Meet Michael Yochelson, M.D., MBA, Chief Medical Officer at Shepherd Center
New chief medical officer joined Shepherd Center in August 2017
Michael Yochelson, M.D., MBA, joined Shepherd Center as chief medical officer in August 2017, bringing with him both a depth of knowledge and passion for neurorehabilitation. Dr. Yochelson came to Shepherd Center from MedStar National Rehabilitation Network in Washington, D.C., where he served as vice president of medical affairs and chief medical officer. In addition to being a board-certified neurologist and physiatrist, Dr. Yochelson also has served in an academic capacity as a professor and vice chair of clinical affairs in the department of rehabilitation medicine and professor of clinical neurology at Georgetown University. Dr. Yochelson began his medical career in the United States Navy, where he served from 1995 to 2006.
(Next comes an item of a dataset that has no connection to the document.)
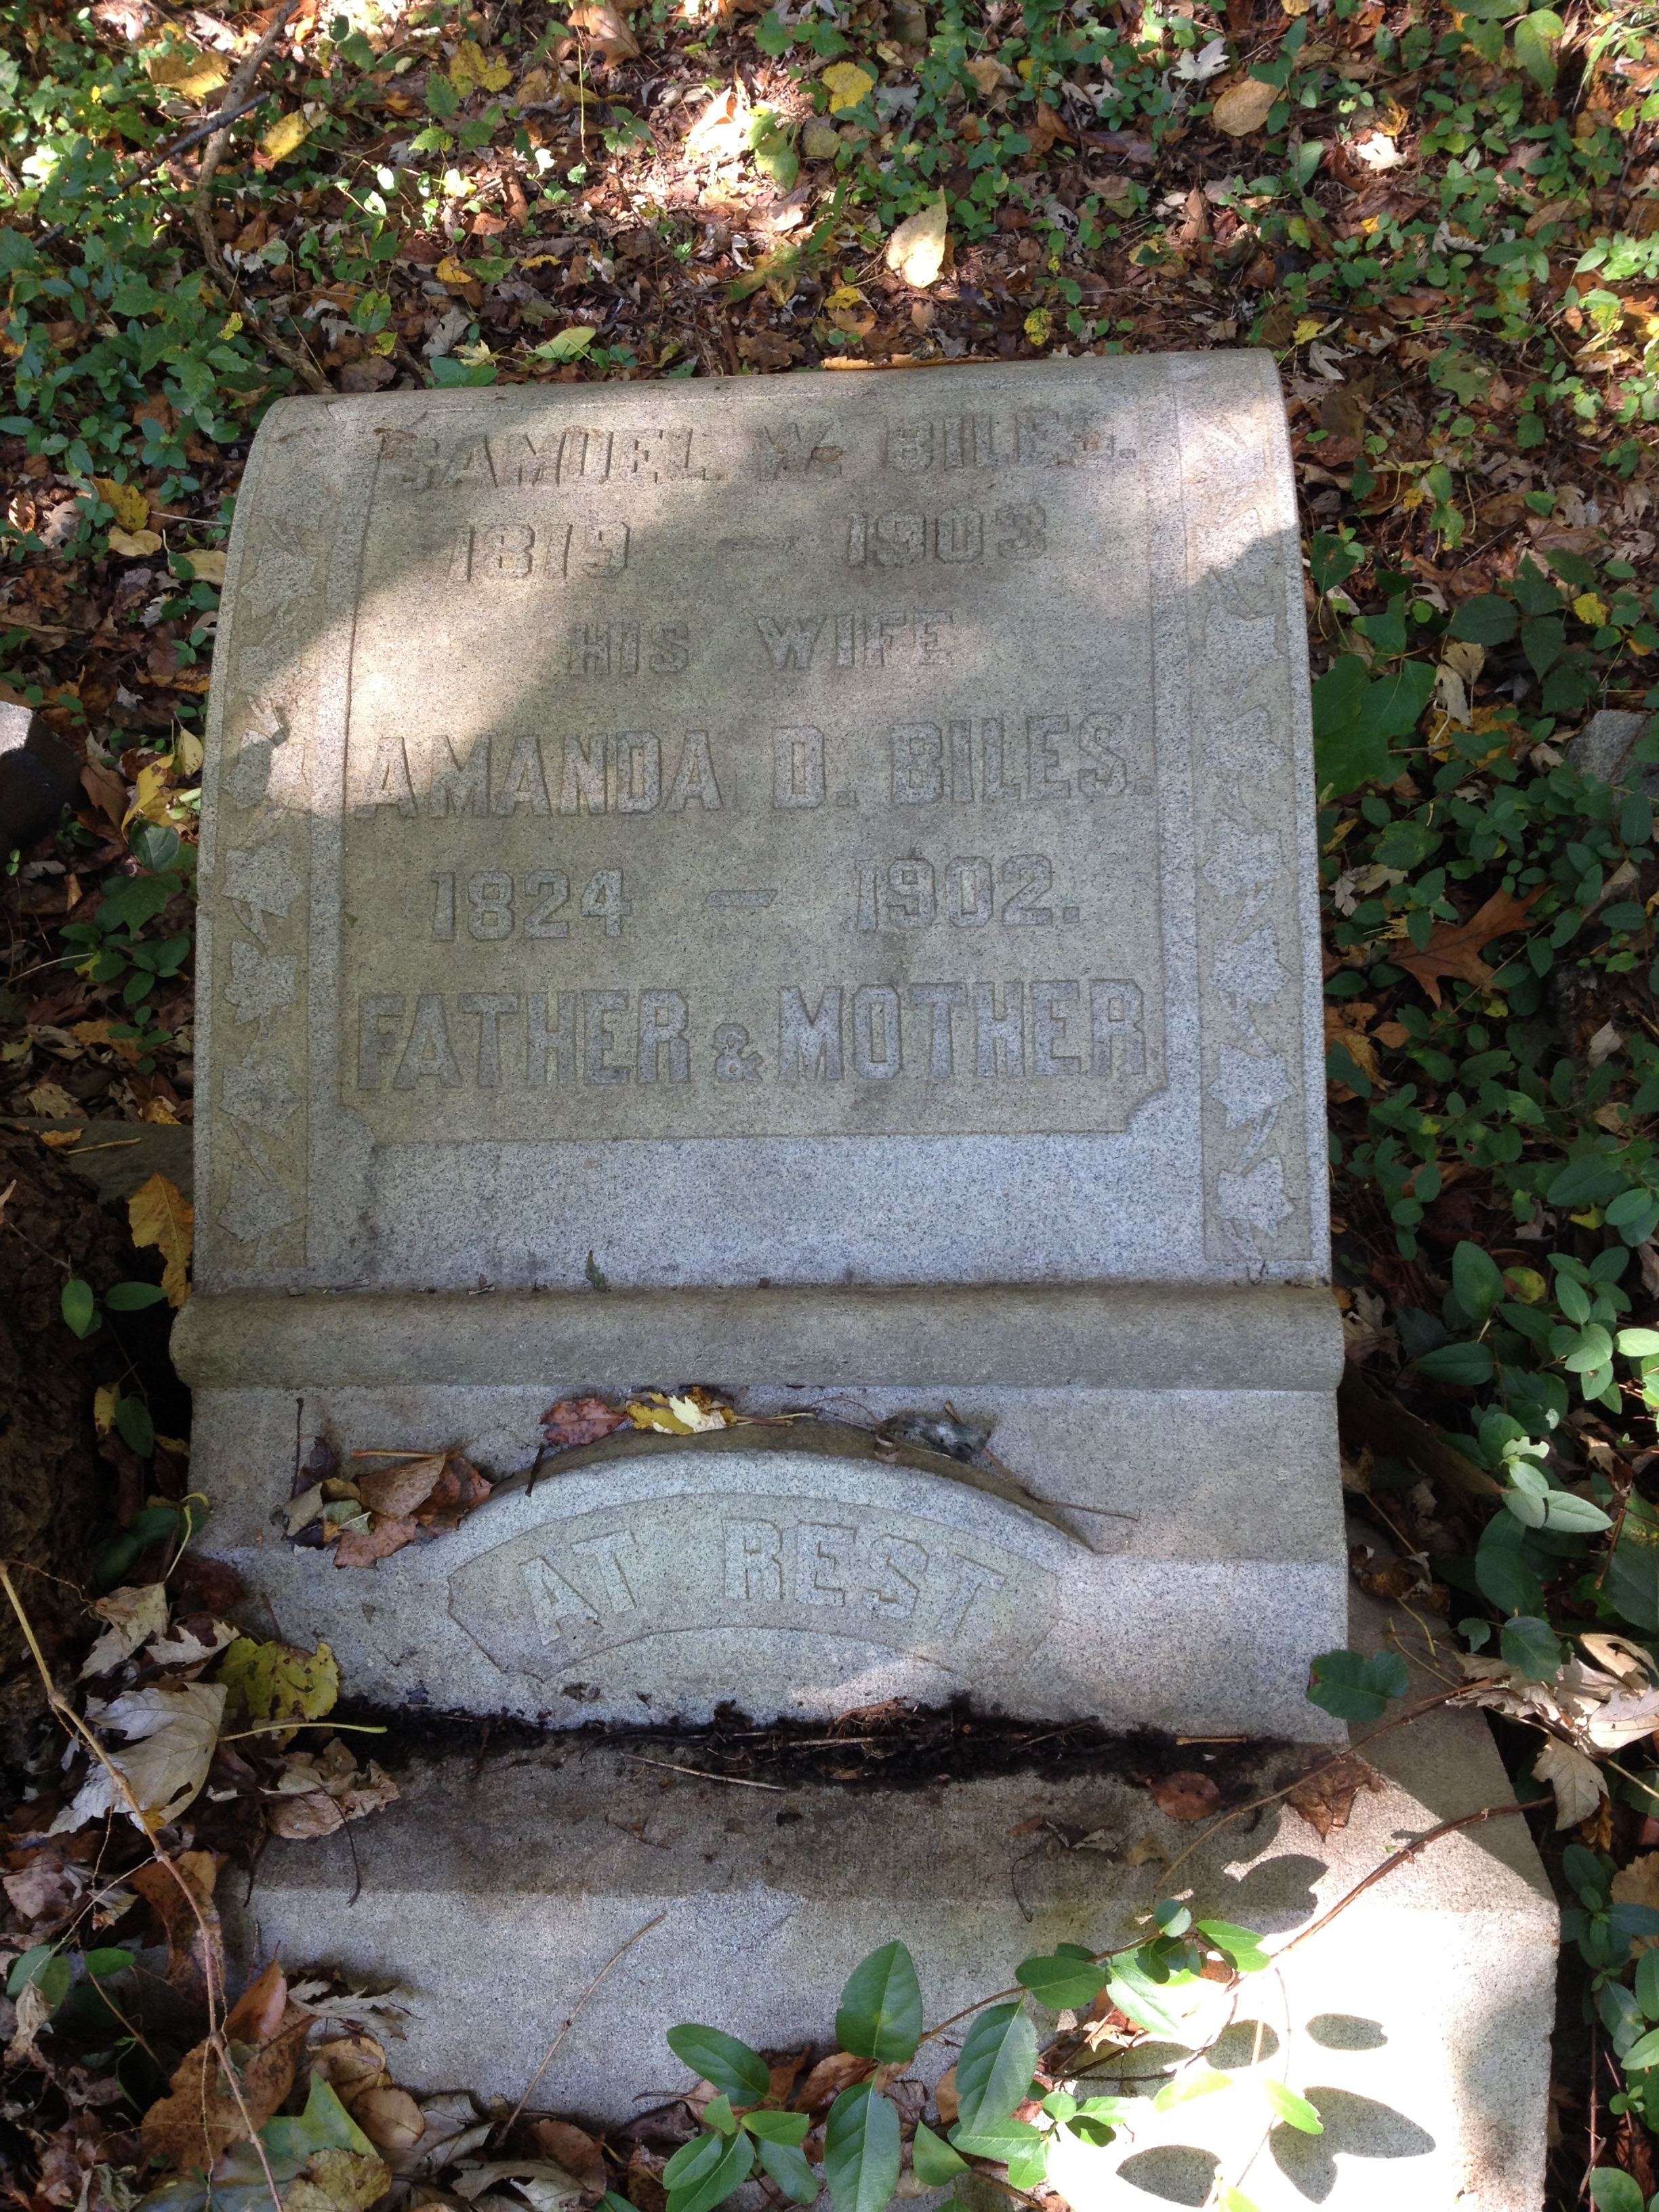 Samuel W. Biles

Q: How did your career get started?
A: Since I was 10 years old, I had thought I wanted to be an ophthalmologist. In my fourth year of medical school, I’d signed up for the ophthalmology rotation, and at the last minute, it was cancelled. I had to quickly choose from what was available, so I chose physical medicine and rehabilitation (PM&R). I began working with inpatients who’d had strokes and were still inpatients and then with patients who had neuromuscular diseases on an outpatient basis. It was during my neurology rotation that I became really interested in the cognitive effects of strokes. I saw that we weren’t doing patients justice as far as rehabilitation for strokes, so I decided to go into neurology and PM&R to try to change that.
Q: What does a chief medical officer do?
A: Simply put, I oversee all of Shepherd Center’s physician practices, both inpatient and outpatient. Engaging with departments all over the hospital, I work to ensure quality, patient safety, reliability and risk mitigation from a medical perspective. I serve as a liaison between our medical staff and our administration on strategic planning, budgeting and clinical efficiencies, and I can bring the perspective of a physician when making those decisions. I also work to build a cohesive medical staff and to improve physician engagement.
Q: That sounds like a big job. Do you still see patients?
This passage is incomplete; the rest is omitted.